Unusual Case of GI Anthrax in New Hampshire Raises Questions
By Amesh A. Adalja, MD, January 8, 2010
Since the anthrax attacks in 2001, public health authorities have been attuned to the detection of this deadly pathogen, the presence of which may be the result of natural infection or may signal a bioterrorism event. Of the 3 types of anthrax infection (cutaneous, inhalational, and gastrointestinal), gastrointestinal (GI) is the most rare, with no cases reported in the United States prior to the one reported in New Hampshire in December.
African Drum Skin Implicated
On December 26, 2009, the New Hampshire Department of Health and Human Services announced that a female member of a drumming group was diagnosed with gastrointestinal anthrax, presumably contracted at an event held on December 4. The woman, a dancer, did not use the African drums that were used by others at the event.

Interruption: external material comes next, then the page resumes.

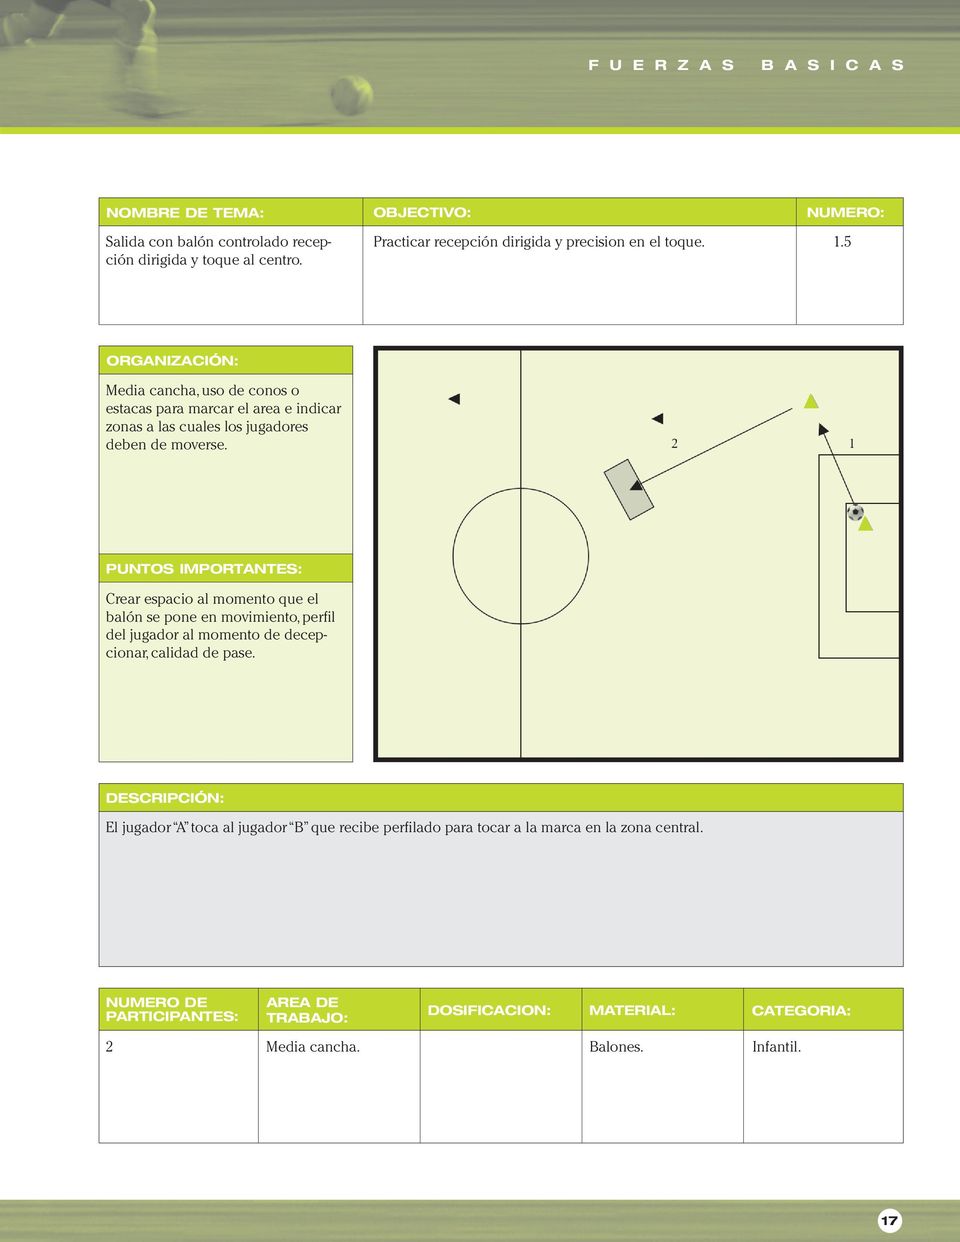 Crear espacio al momento que el balón se pone en movimiento, perfil del jugador al momento de decepcionar, calidad de pase.

The woman's symptoms began on December 5, she was diagnosed on December 24, and she is being treated in a Boston hospital. However, the details of her case history, including symptoms, diagnostic tests, and clinical course, have not been made public as of this writing. What is known is that 2 drum skins and an electrical outlet from the drumming group’s center have tested positive for the same strain of anthrax found in the patient. The isolate is sensitive to all antibiotics with activity against Bacillus anthracis, and post-exposure prophylaxis with doxycycline and the anthrax vaccine are being given to 94 other people who may have been exposed on December 4. No other cases have been detected to date.
Gastrointestinal Anthrax is Extremely Rare
Prior anthrax infections involving African drums have been of the cutaneous or inhalational variety, with no recorded cases of GI anthrax. GI anthrax from any cause is thought to represent just 1% of all anthrax cases, and it is almost exclusively confined to rural regions of the developing world. With mortality rates that can reach 40%, GI anthrax is acquired by eating meat contaminated with the vegetative form, rather than the spores, of the B. anthracis bacterium. Symptoms typically occur after an incubation period of 1 to 5 days. The table below highlights the clinical features and diagnostic testing for GI anthrax.
|Clinical Presentation||Fever, dysphagia, oral ulcers, nausea, vomiting, abdominal pain, hematemesis, massive ascites, bloody diarrhea, secondary bacteremia, secondary meningitis|
|Diagnostic modalities||Throat culture, rectal culture, stool culture, ascites culture, blood culture|
Several important questions remain unanswered:
- What was the case patient’s presenting symptom?
- What is the presumed mechanism of exposure that allowed GI anthrax—and not inhalational anthrax—to develop?
- How was the diagnosis made?
- What has been the clinical course of the patient?
- Have any other members of the drumming circle had spores isolated from their bodies?
Expeditious publication of the details of this case and the investigation are essential to understanding the epidemiology of this case and the pathophysiology of GI disease, and not inhalational disease, in this patient.